– Немец, конечно, во Пскове птица не редкая, – вслух предположил князь. – Однако на виду, проследить можно.
– Да можно! – тиун хохотнул и устало прикрыл веки рукою. – Ежели он хоть что-то делать начнет. Встретится с кем-нибудь, записку передаст через торговых отроцев… Или, наоборот, ему передадут. Ежели во Пскове что-то важное вдруг случится.
– Случится, – неожиданно улыбнулся Довмонт. – Обязательно случится… и не вдруг, а сегодня же.
Князь громко расхохотался, уж больно забавно выглядел в этот момент Степан. Посмеявшись, кликнул слугу да угостил собеседника квасом… Заодно угостился и сам, после чего продолжил, заявив о том, что собирается внести важные изменения в строительство новой городской стены.
– У меня сегодня совет тайный… Ежели средь вечных славных мужей предатель, соглядатай немецкий… так он может и…
– Полагаете, и его возьмем?
– Если шкипер при делах – обязательно достанем! Хватило б для слежки людей.
– А вот это уже моя забота, княже.
Шкипер засуетился уже с утра! Обычно он день-деньской безвылазно сидел у себя на барке, отлучаясь разве что в выстроенную на берегу общественную уборную, а тут вдруг проявил необычайную активность. Спустился – бегом сбежал – по сходням, бросился сначала в немецкую церковь, недавно выстроенную на дворище заморских гостей – купцов, затем в корчму на Застенье, где и засел с кружкой свежесваренного пива в обществе двух рижских приказчиков и одного подмастерья.
– Собеседники, похоже, случайные, – тут же доложили князю. – В уборной же, на стенке, кто-то две полосы углем провел – условный знак, верно.

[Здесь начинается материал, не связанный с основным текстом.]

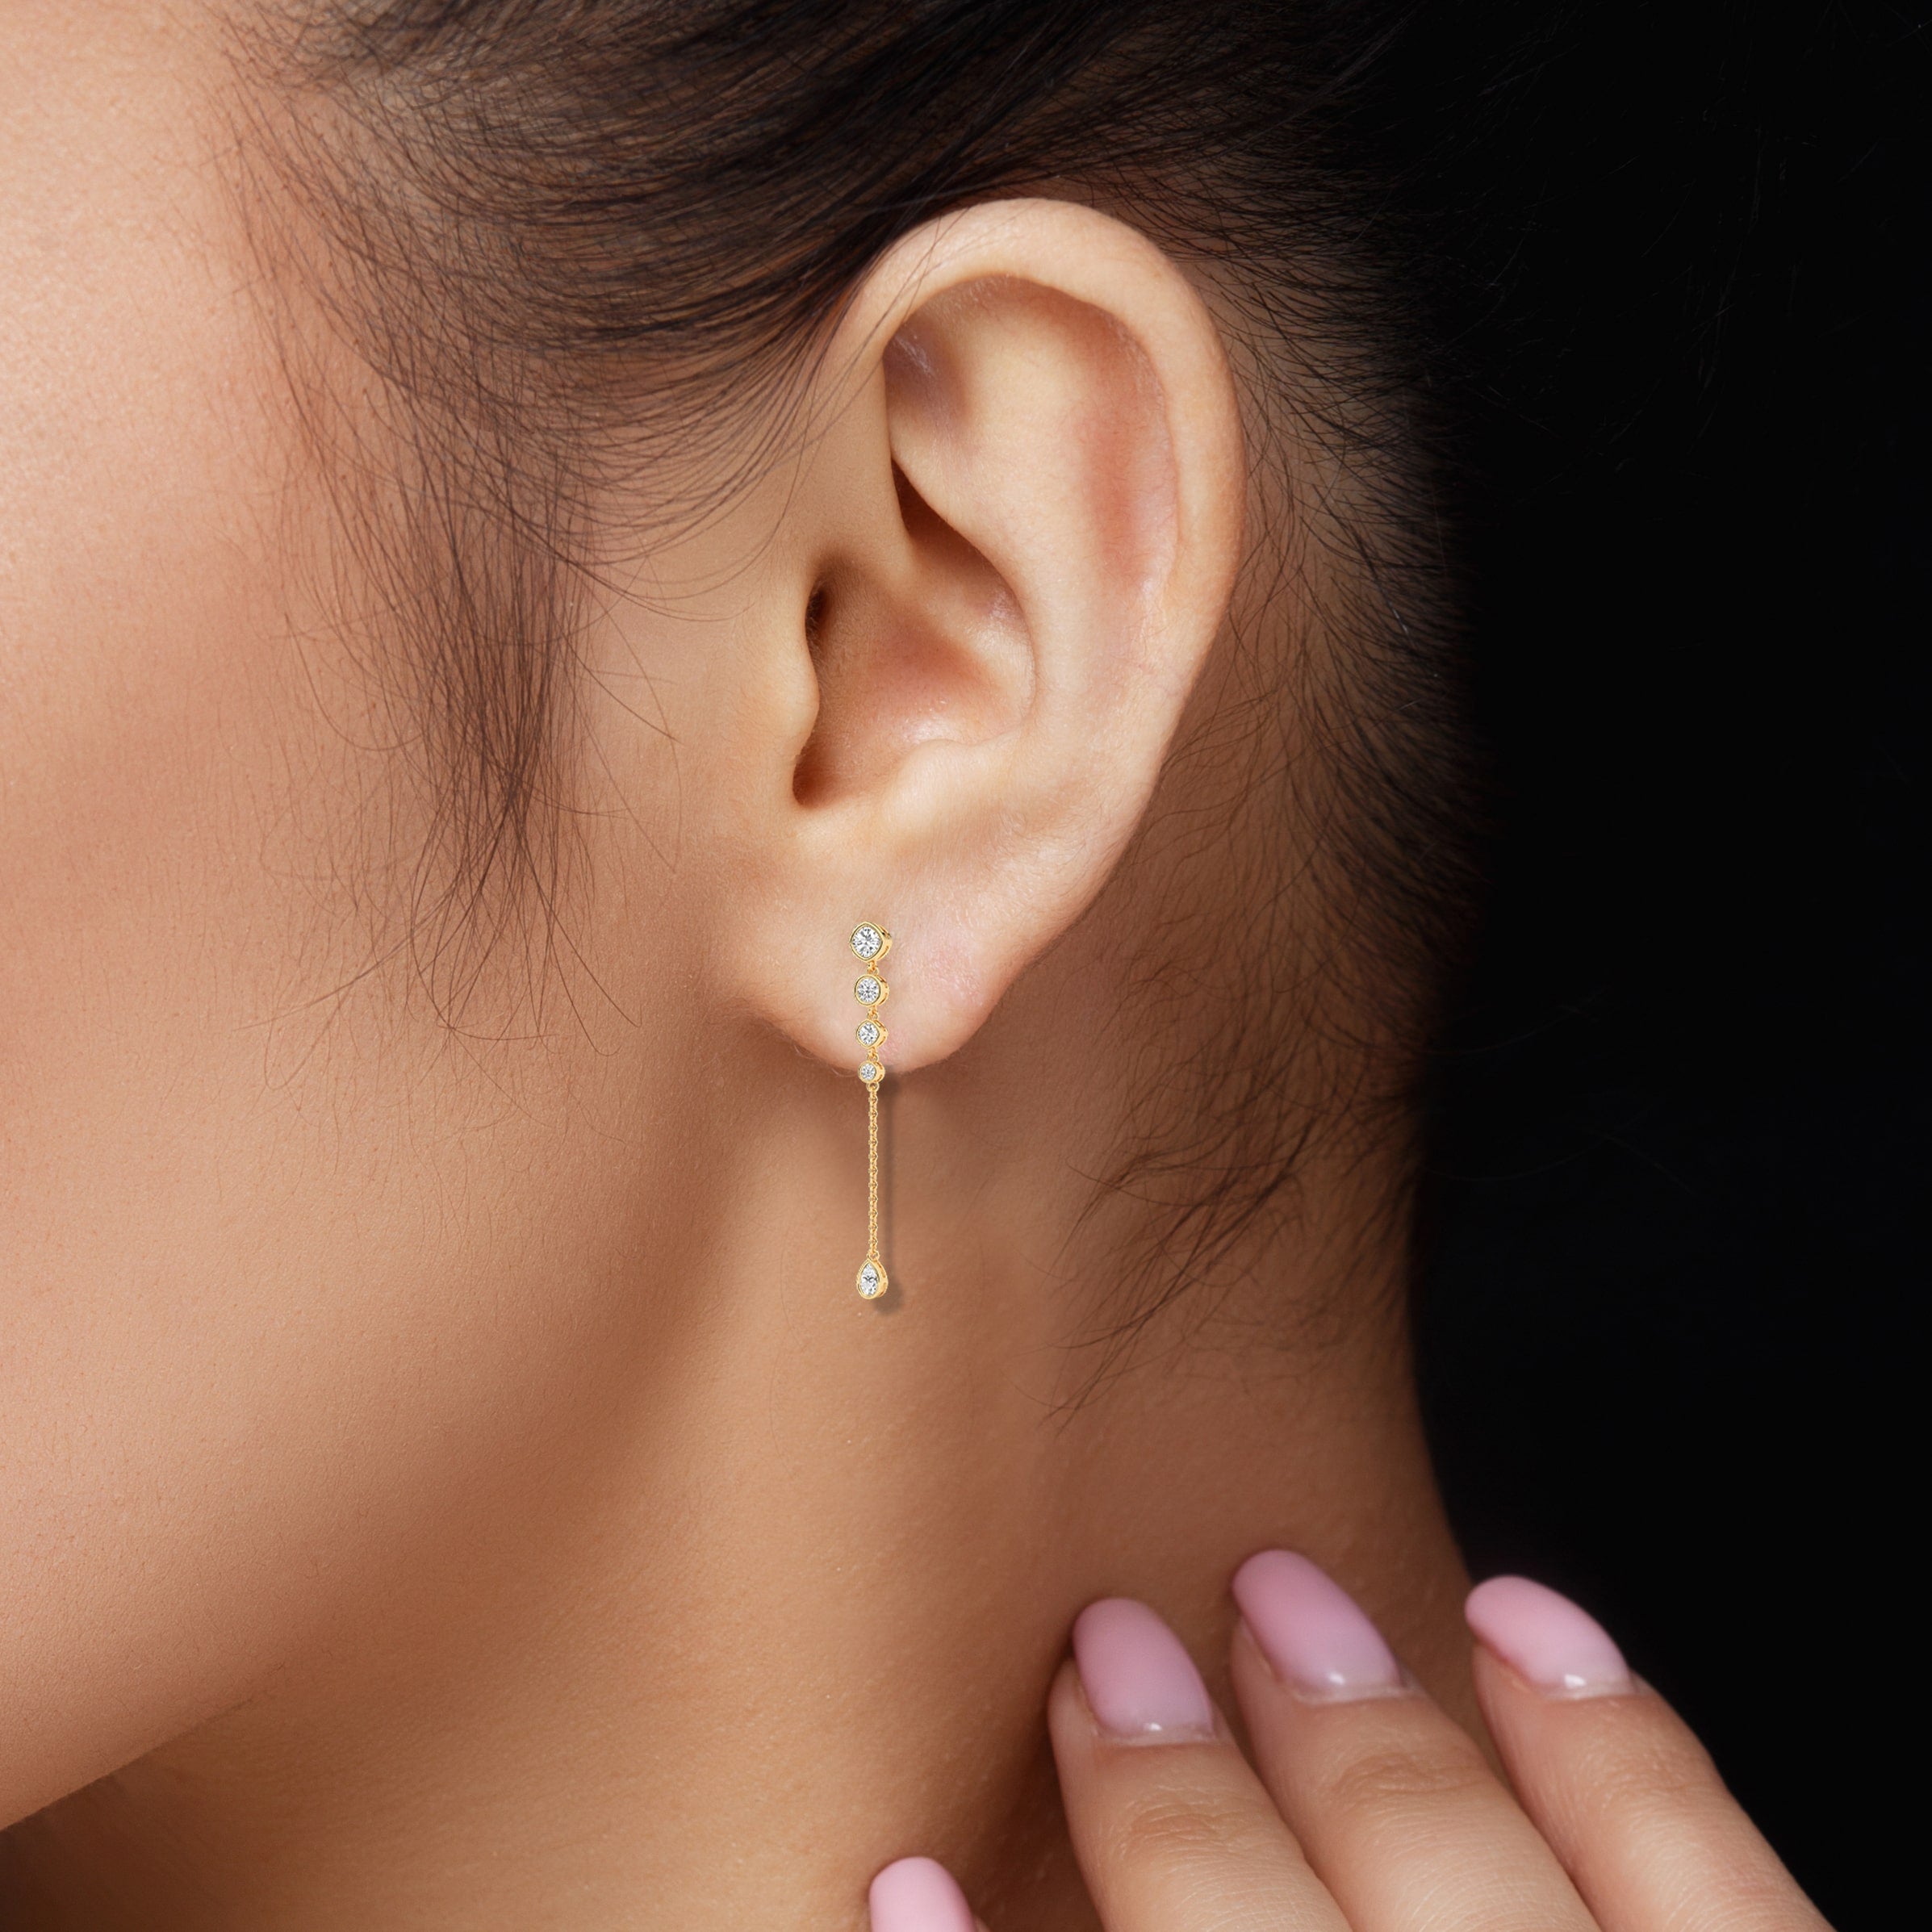 diamond drop earrings on ear

Ранее никаких таких полос не было.
– Ага! – Довмонт радостно потер руки. – Все ж засуетились, суки! Теперь и у себя предателя вычислим… и немца на горячем прихватим. А, Степан Иваныч? Так?
– Так – да не так, – скептически кривил губы тиун. – Они ведь лично-то встретятся вряд ли. Разве что немца пытать…Так, а что на это посадник скажет? Вече?
– Это да-а, – вздохнув, князь с досадою покусал губы. – Верно мыслишь, Шара… тиуне! Не дадут нам санкции на арест.
Сыскной вскинул глаза:
– Чего нам не дадут, княже?
– Схватить не дадут. И в пыточную кинуть не разрешат. Эх! И как тут работать?
Про то, что в высших городских кругах есть предатель – а то и не один, – Довмонт догадывался давно. Не могло так быть, чтоб не было! Кто-то обо всем докладывал в Новгород, кто-то – великому владимирскому князю, а кто-то – немцам, архиепископу дерптскому, или того хуже – ордену. Немецкая партия во Пскове всегда была очень влиятельной, многие не видели ничего худого в том, чтобы вместо присланного из Новгорода посадника посадить наместника великого магистра с отрядом рыцарей и кнехтов. Тевтонец точно так же защищал бы Псков от чужих притязаний… в том числе – и от Великого Новгорода, надоедливого старшего братца. Так что многочисленные шпионы окопались во Пскове крепко, и взять их вот так, за здорово живешь, нахрапом, было никак не возможно. Даже и связного – того же шкипера – просто так не взять! Схватишь – обязательно прознают, обязательно найдутся защитники, поднимут вой…
– Схватить, может, и не схватим, – задумчиво глянув в оконце, промолвил князь. – Но кое-что вызнаем, точно. Глаз со шкипера не спускать! Чувствую, ох, не зря он засуетился.
Довмонт, конечно, не выдержал, решив принять личное участие в деле. Степан Иваныч, тиун, к слову сказать, был этим решением весьма доволен. Еще бы – сам князь брал на себя ответственность за всё!
В корчме на Гончарной улице, что на Застенье, ближе к вечеру стало довольно людно. Прослышав про свежее пиво, потянулись с пристани заморские гости – не только корабельщики, но и приказчики, а то и сами купцы. Хватало и своего, обычного, люда – по пути из города заглядывали в корчму и бродячие, и артельщики, и крестьяне, и вот, скоморохи – пели, играли, ходили колесом.